From what I could gather, Ed Tom Bell is thinking of retiring, due in part by the violent nature of the recent crime wave, thinking that times are so much "worse" now than they ever were (which is interesting seeing as the story is set in 1980). However, when he talks to his uncle, another retired sheriff, he is told a story of another particularly violent crime that happened decades ago. So I guess, the "point" is, things always have been "as bad" or "as violent" as they ever were, but by the time you realize that you're too old to really do anything about it... hence there's "no country for old men".

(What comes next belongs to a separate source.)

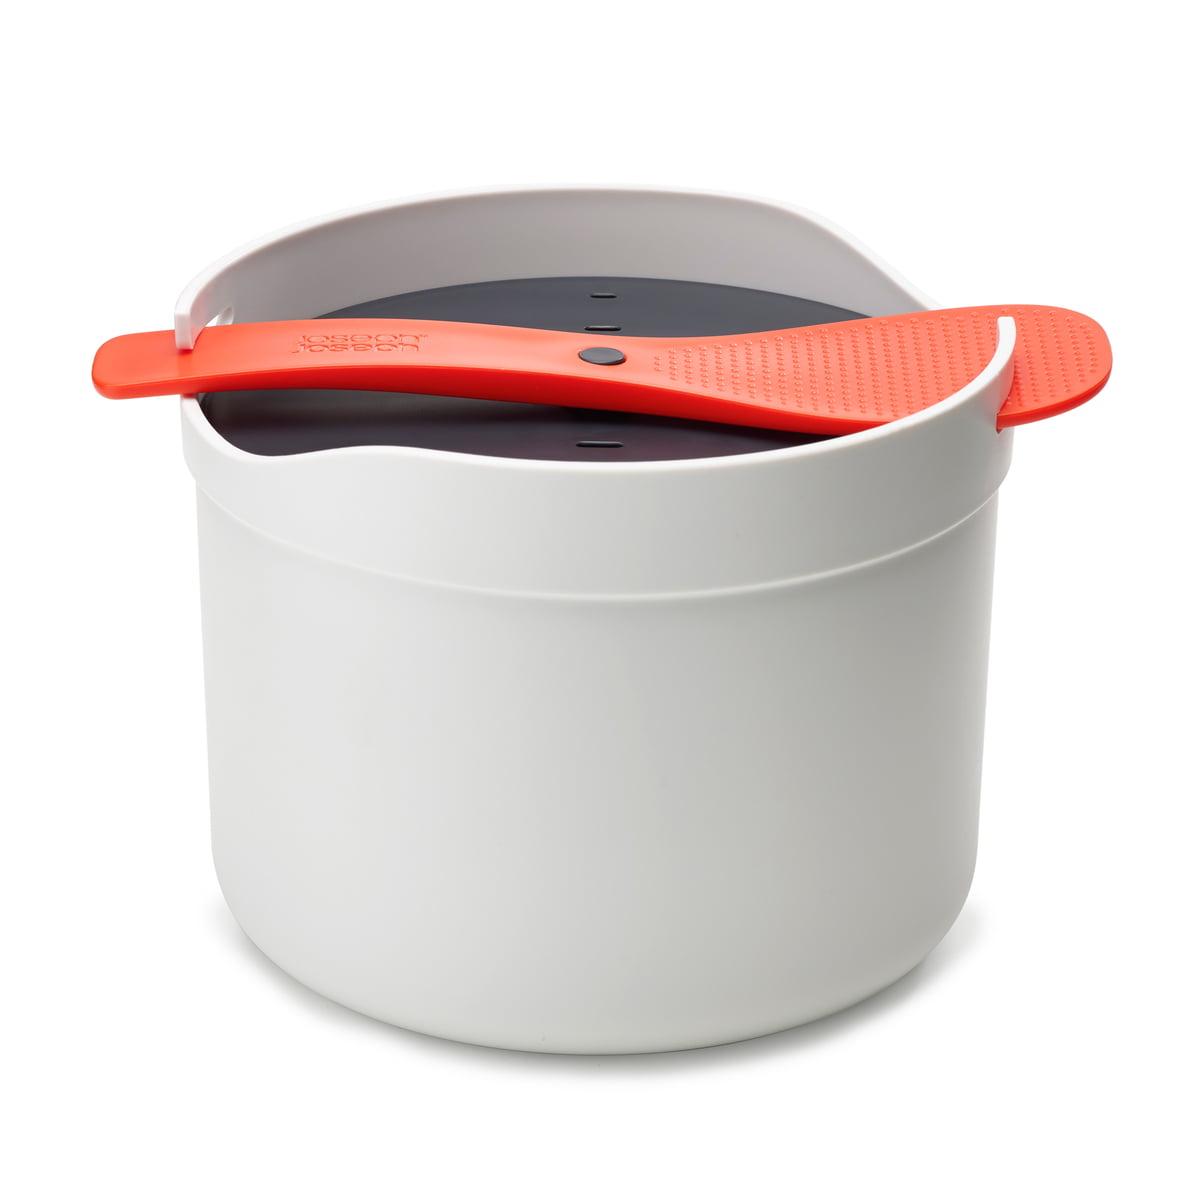 Joseph Joseph - M-Cuisine Mikrowellen-Reiskocher   Küche und Esszimmer > Küchenelektrogeräte > Mikrowellen   Joseph Joseph

Facebook-gebruiker about 1 year ago -
Why it's better than the film (SPOILERS)
(SPOILERS)
I saw the movie before reading the book and was amazed to find a crucial piece of narrative missing in the movie. We're told in the book that Moss was shot at the motel after he puts down his gun in an effort to save the girl. This is a noble and heroic death in a sense -- completely unlike what happens in the film (we get only an outside perspective and never really know how it went down). I thought the film was overrated and so I was curious about this exact point, only to discover that the book did explain more of what happened -- I wish this had been included (as well as the hitch hiking teen scenes) in the film!